EXERCISE OBJECTIVE: Copy out all the lines of the data precisely, omitting any pictures.

STORED DATA:
-------------------------
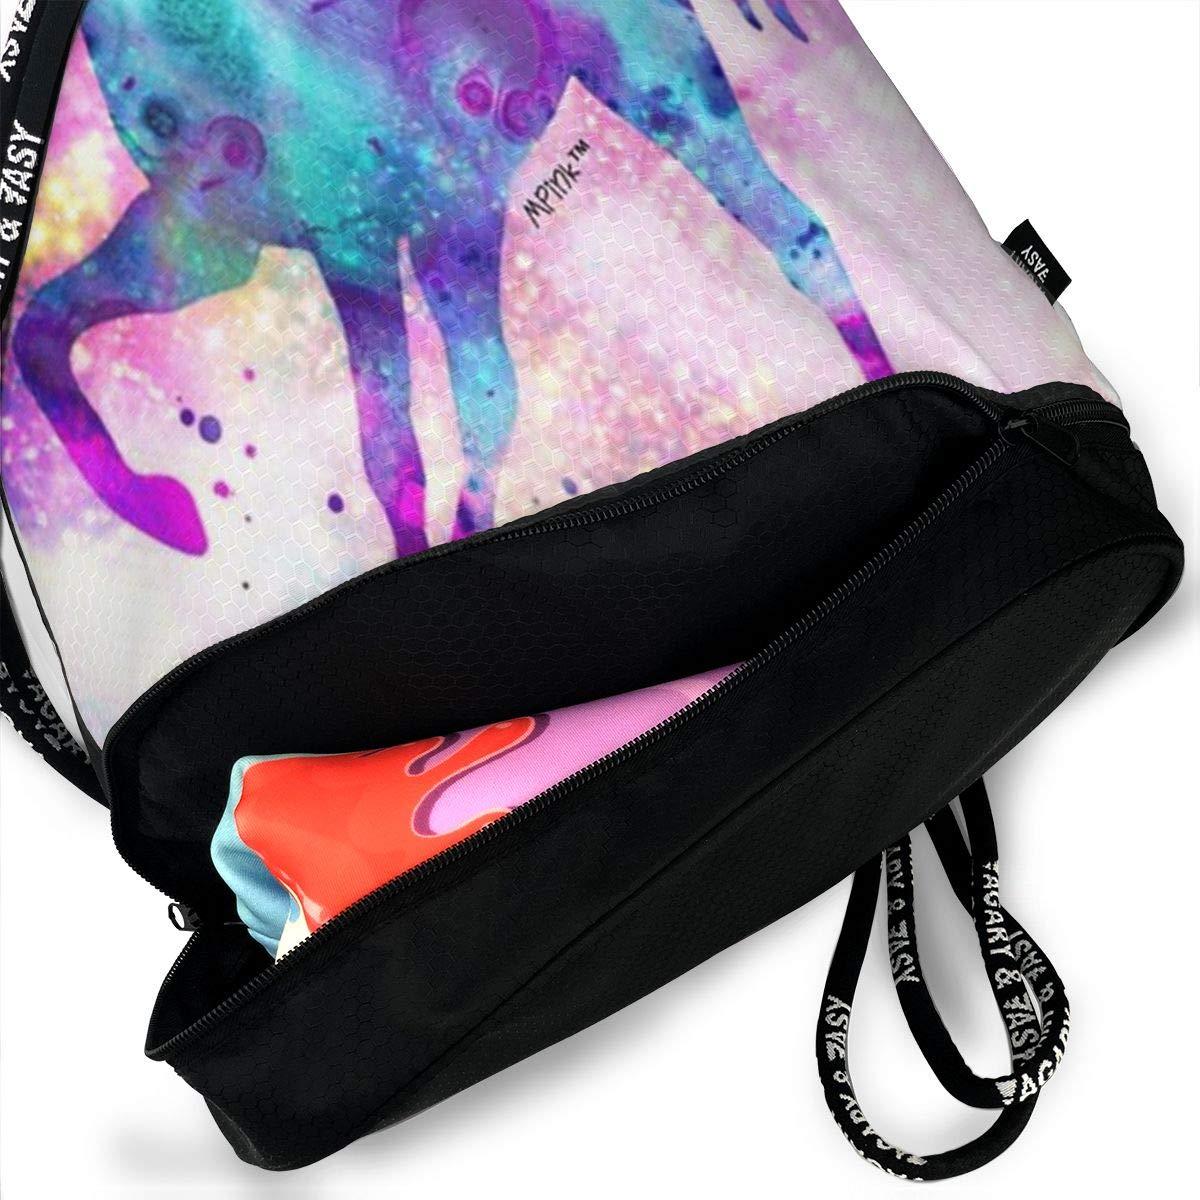 HUOPR5Q Rainbow Unicorn Drawstring Backpack Sport Gym Sack Shoulder Bulk Bag Dance Bag for School Travel
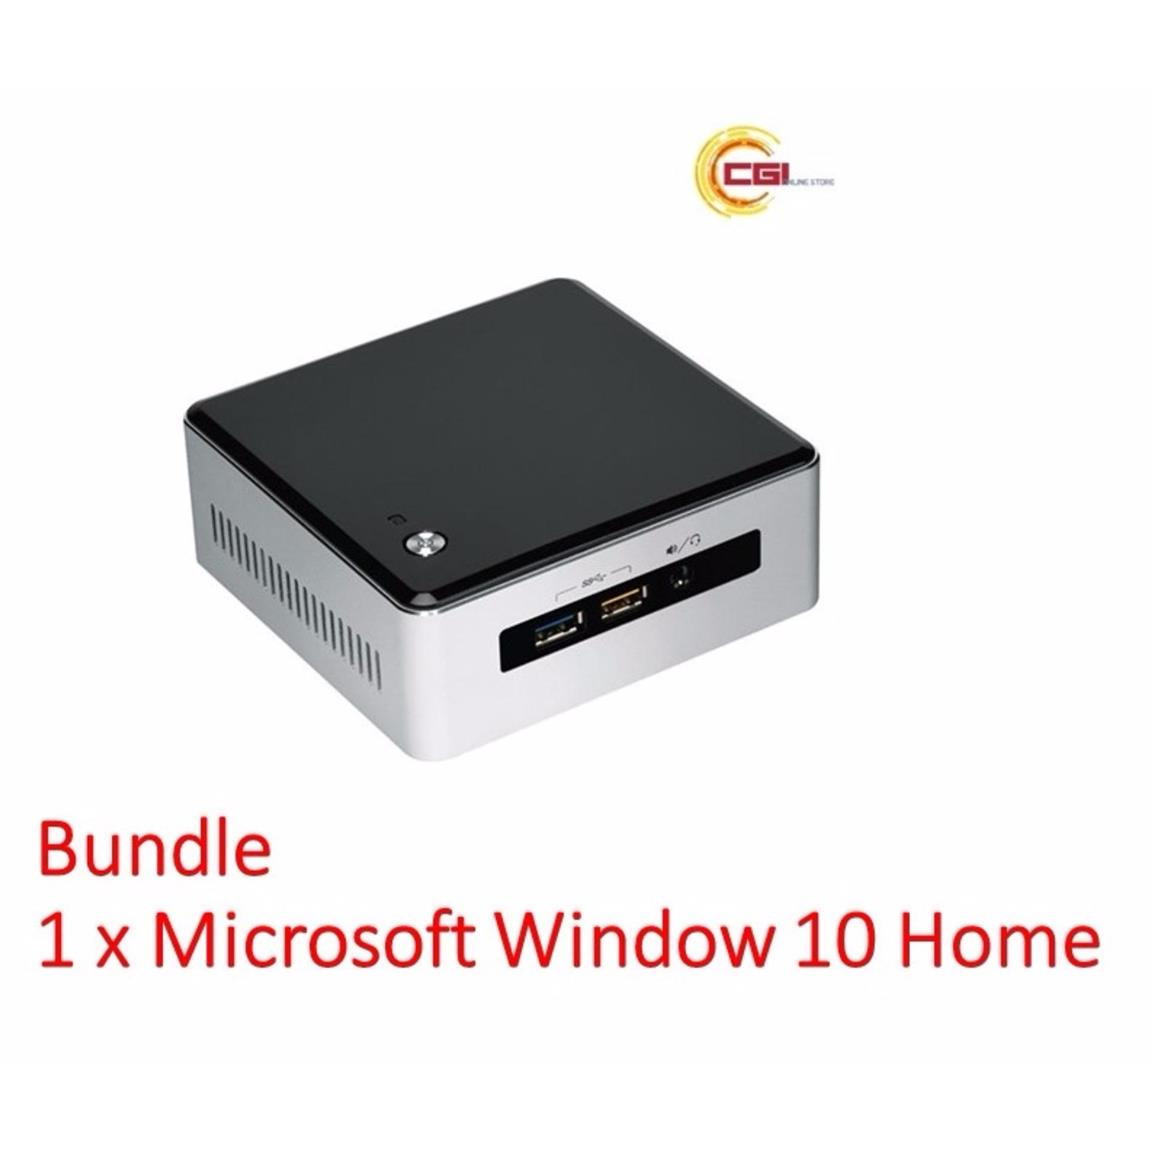 Microsoft Windows 10 Home Zromtk 64 Bit Oem Original Edition Dsp
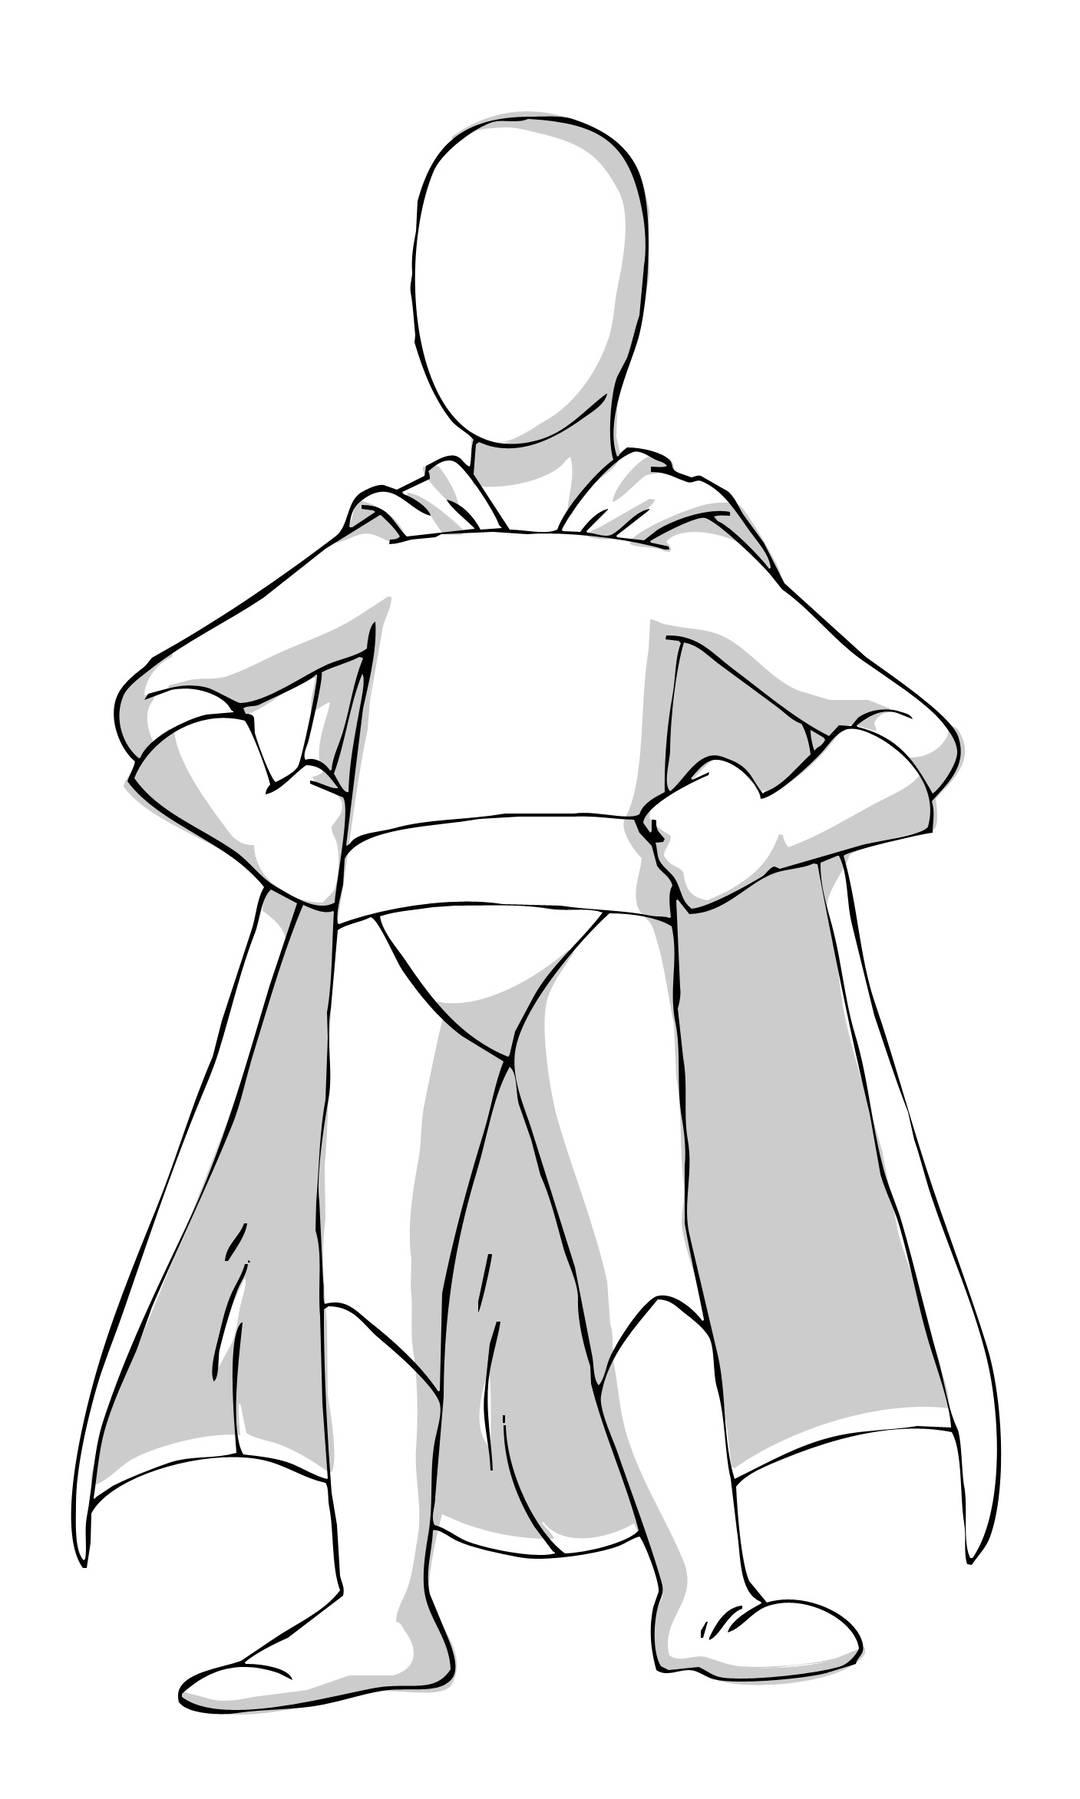 Superflex is Me
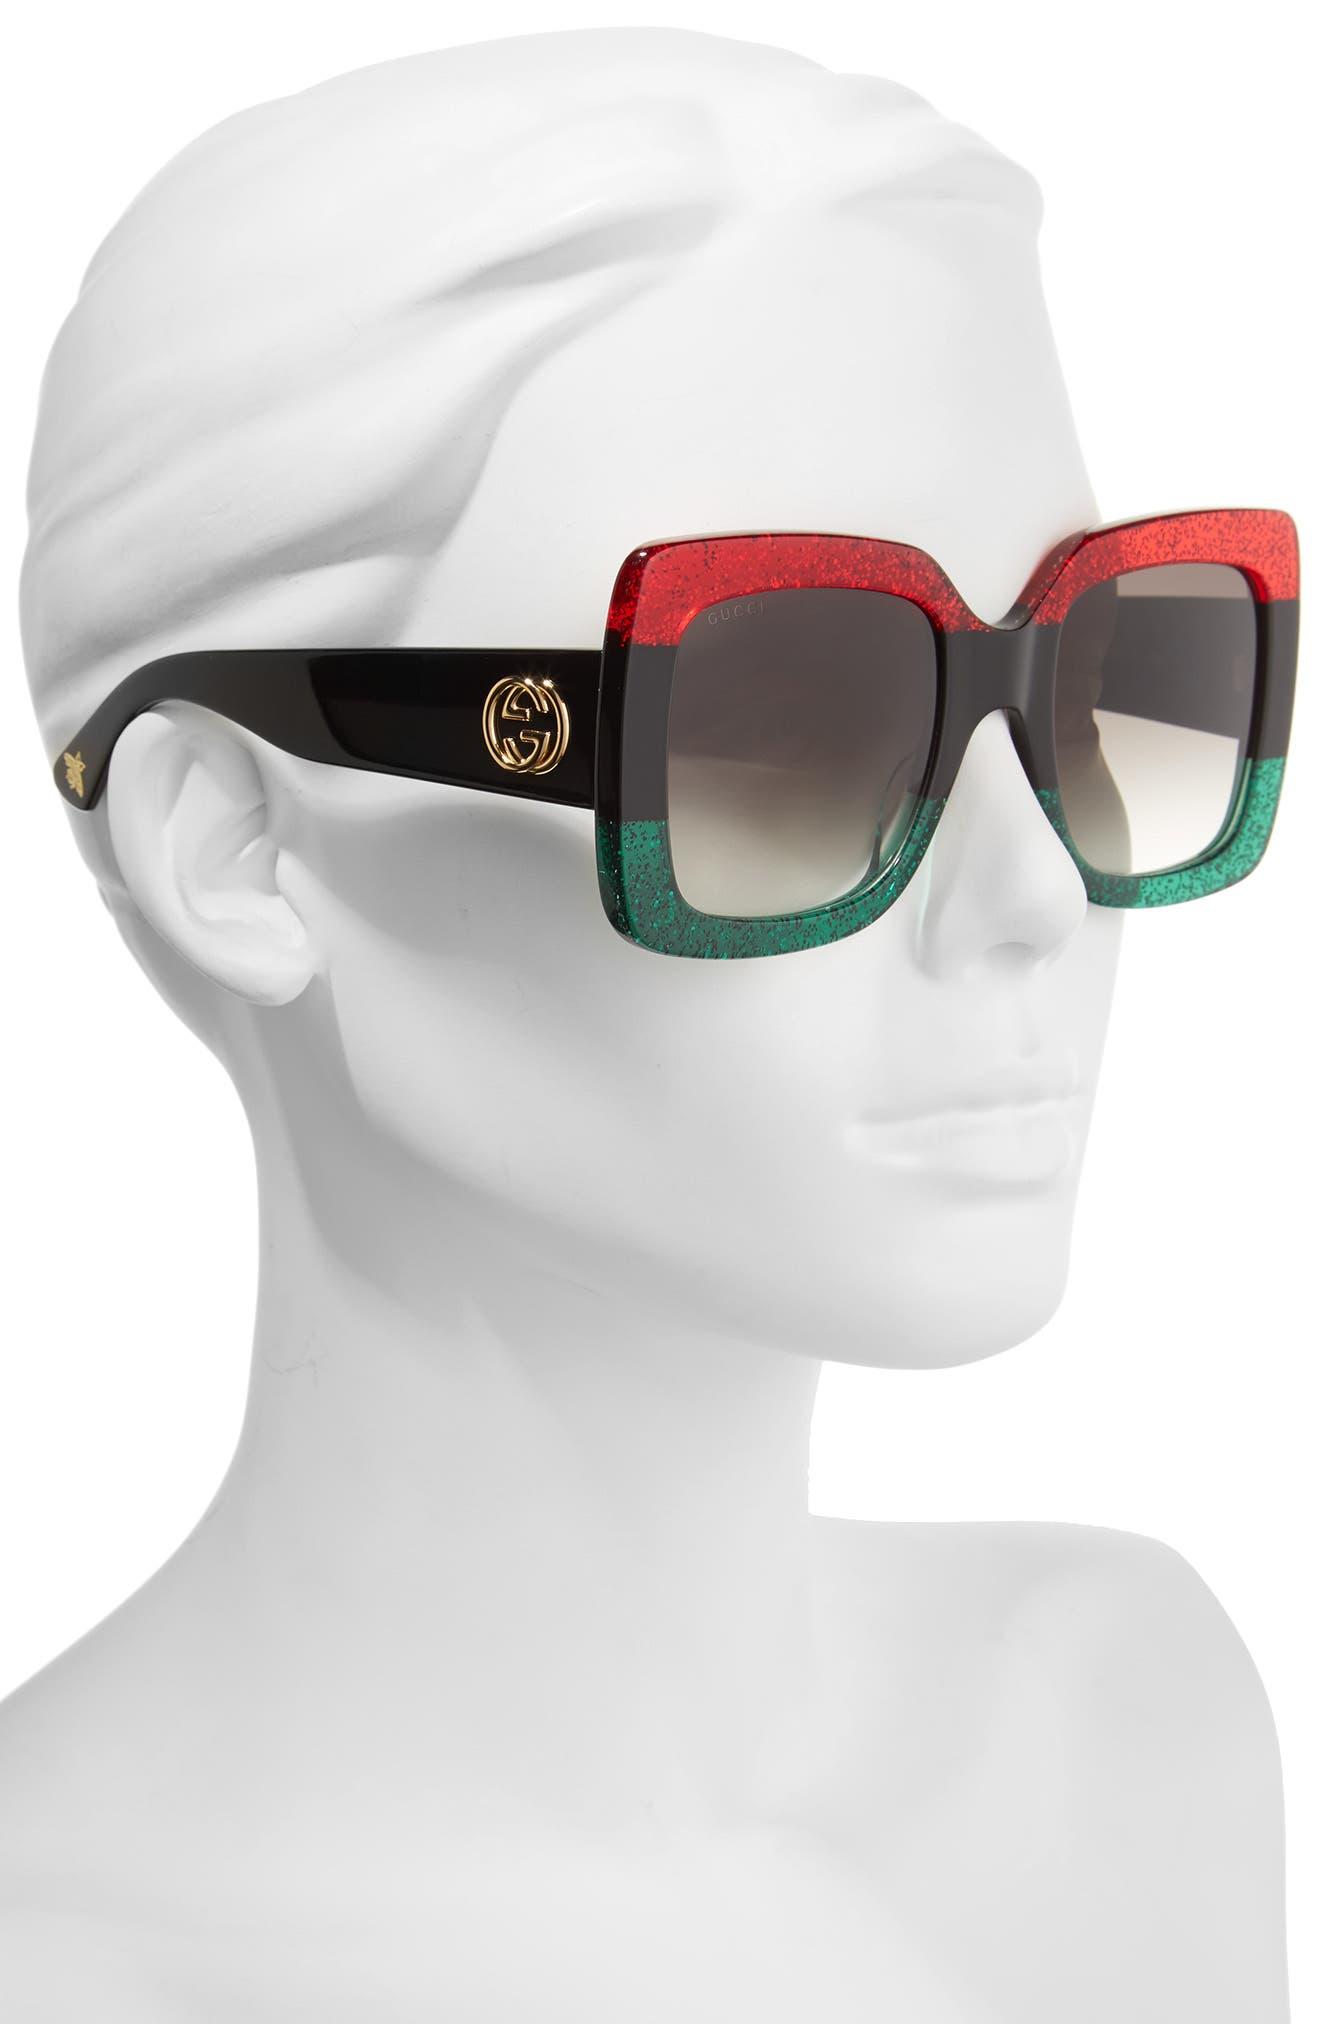 GUCCI, 55mm Square Sunglasses, Alternate thumbnail 2, color, RED BLACK GREEN/ GREY
-------------------------
EXERCISE ANSWER:
 HUOPR5Q Rainbow Unicorn Drawstring Backpack Sport Gym Sack Shoulder Bulk Bag Dance Bag for School Travel
 Microsoft Windows 10 Home Zromtk 64 Bit Oem Original Edition Dsp
 Superflex is Me
 GUCCI, 55mm Square Sunglasses, Alternate thumbnail 2, color, RED BLACK GREEN/ GREY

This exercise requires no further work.